Stored items from a collection:
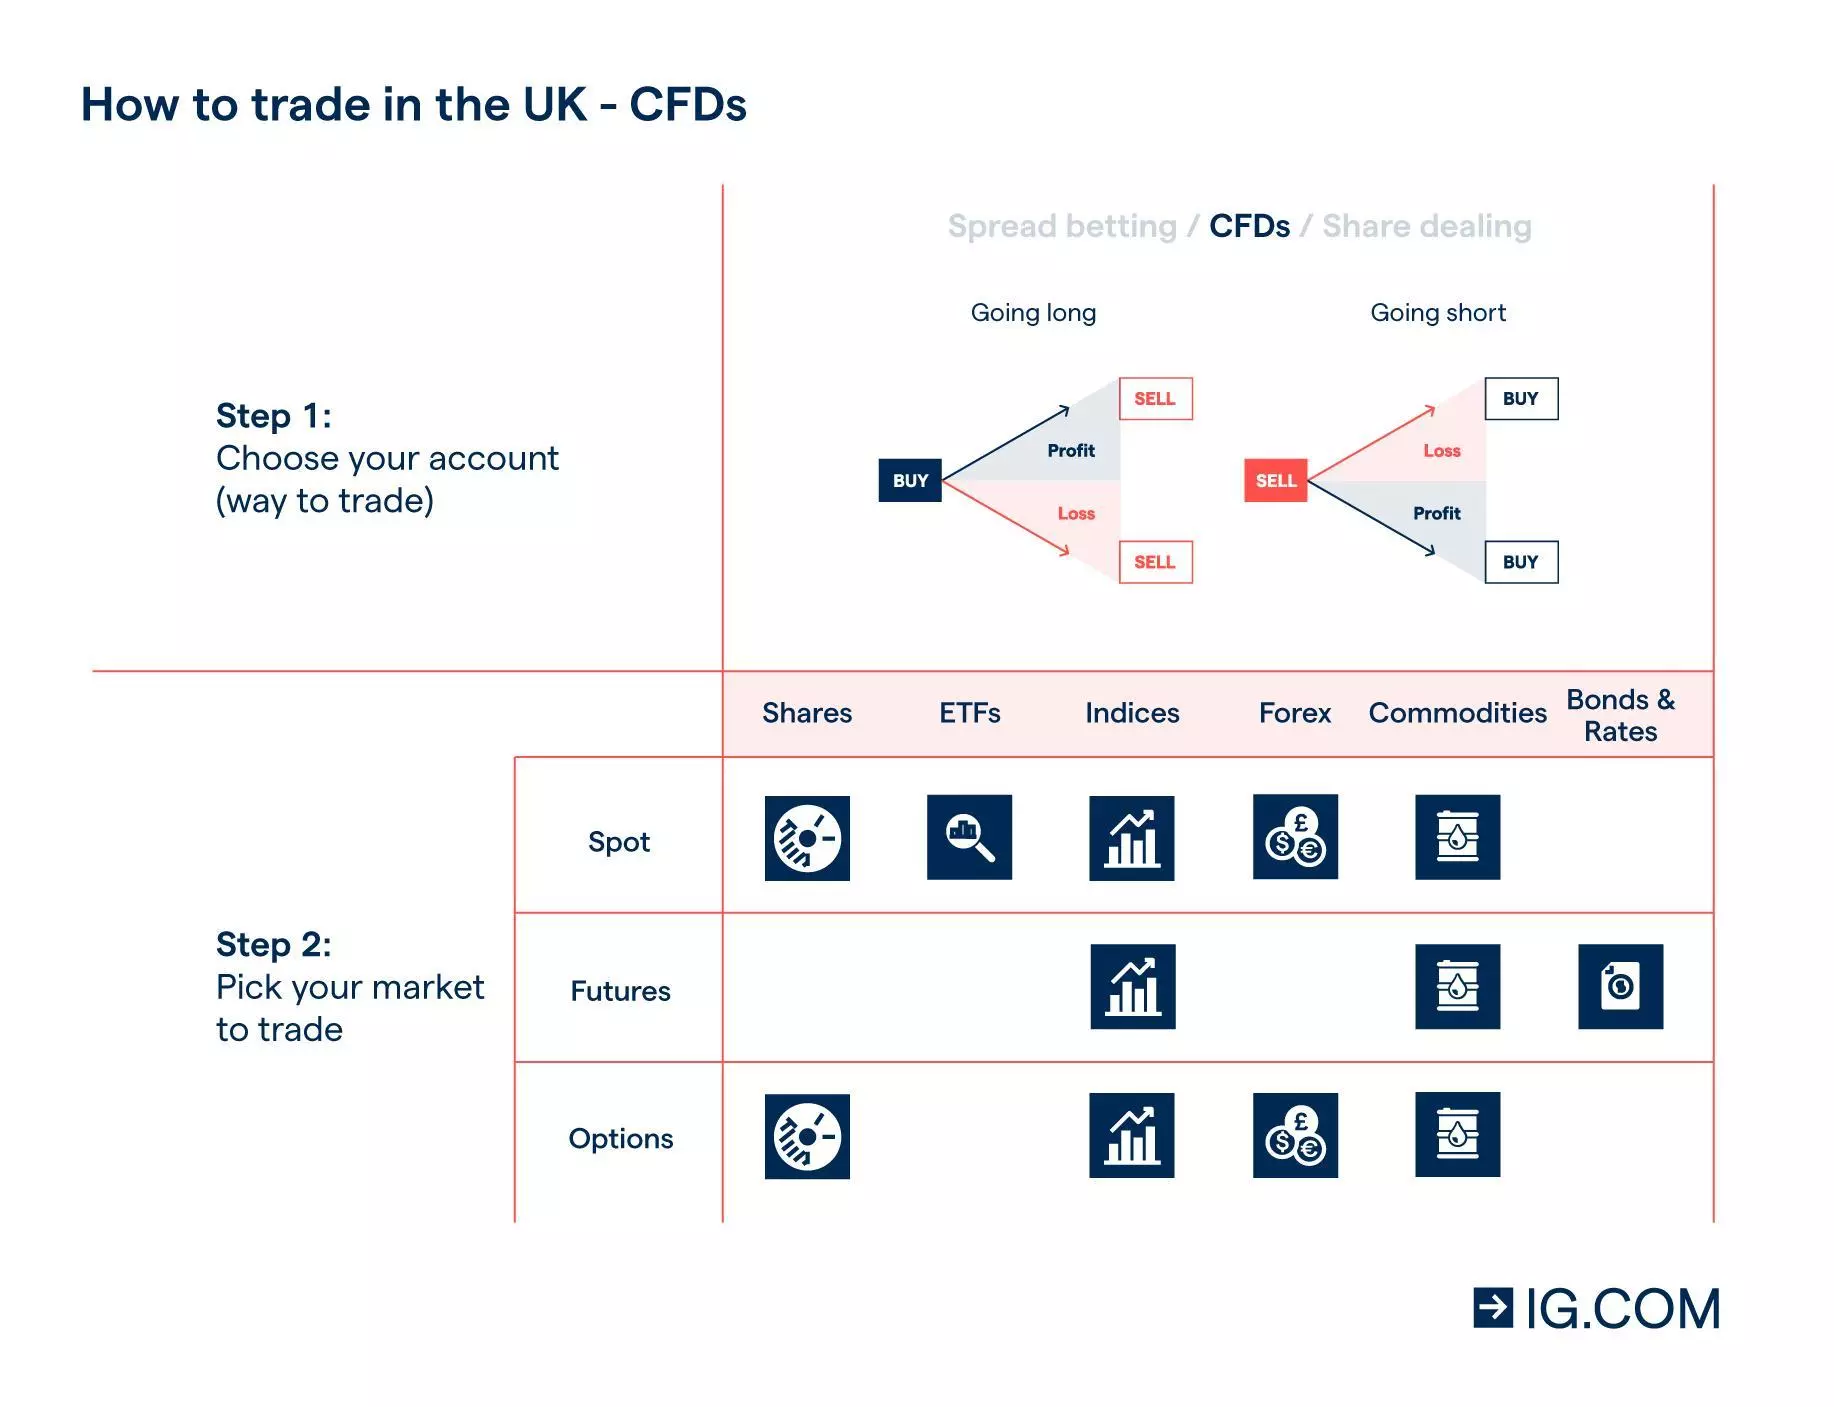 How to trade CFDs in the UK
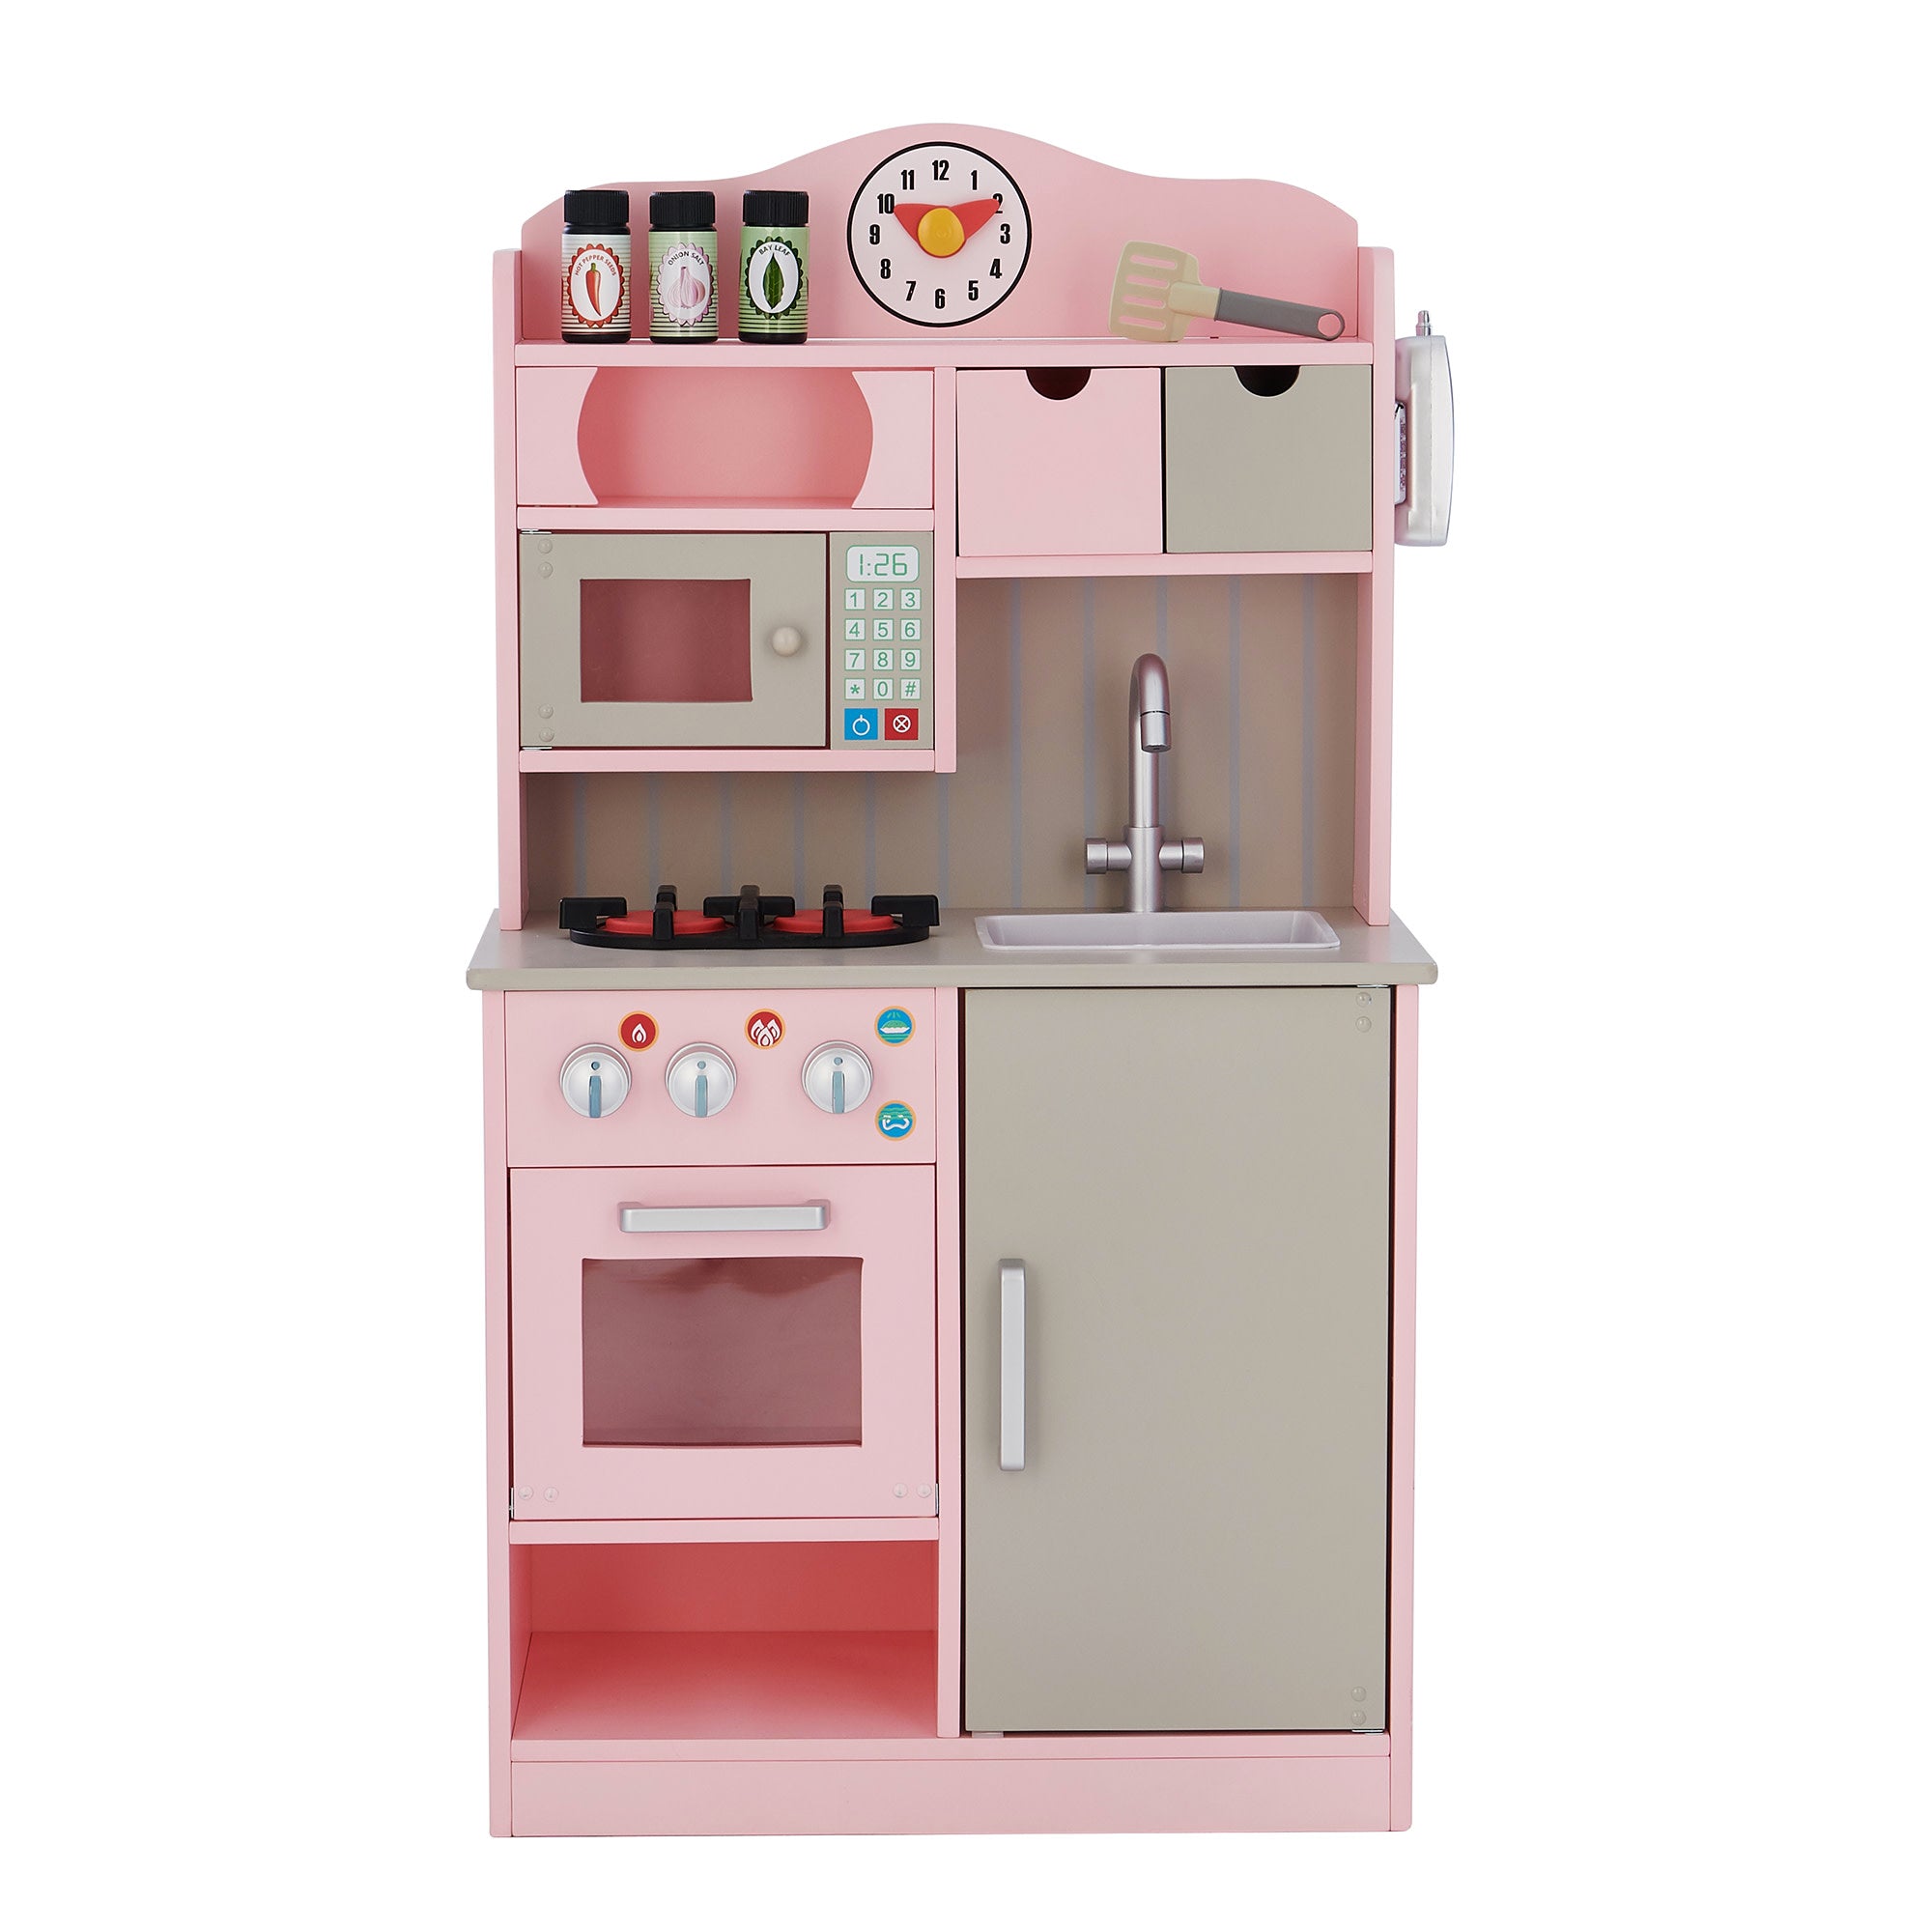 Teamson Kids Little Chef Florence Classic Play Kitchen, Pink/Gray
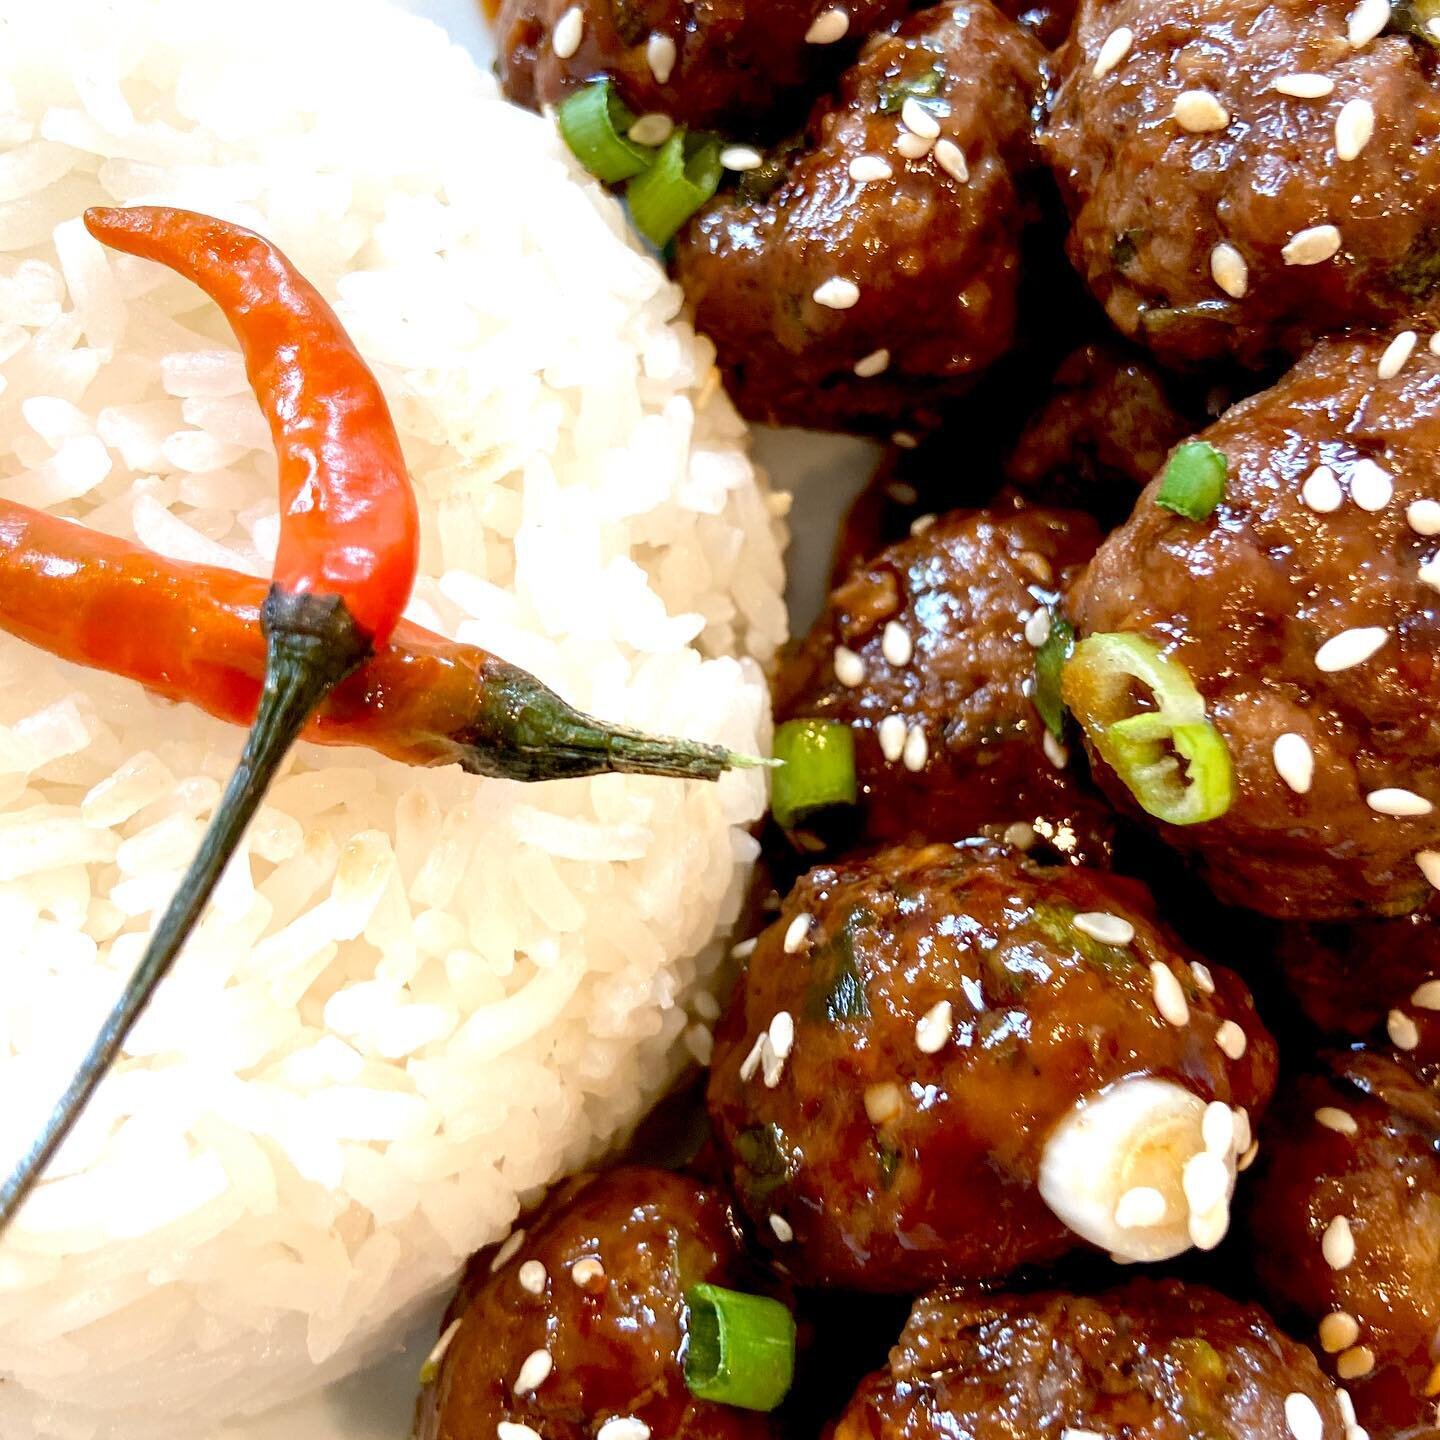 EASY GINGER SCALLION MEATBALLS

This recipe is quick and easy, something that you will love now that it is back to school. Try these out, I am sure your family will love them. Recipe is from @allthehealthythings
&bull;⁣
&bull;⁣
&bull;⁣
&bull;⁣
&bull;

◆ Task objective
The job here is to write out the records exactly, pictures excluded.

◆ Reply to the exercise
 How to trade CFDs in the UK
 Teamson Kids Little Chef Florence Classic Play Kitchen, Pink/Gray
 EASY GINGER SCALLION MEATBALLS

This recipe is quick and easy, something that you will love now that it is back to school. Try these out, I am sure your family will love them. Recipe is from @allthehealthythings
&bull;⁣
&bull;⁣
&bull;⁣
&bull;⁣
&bull;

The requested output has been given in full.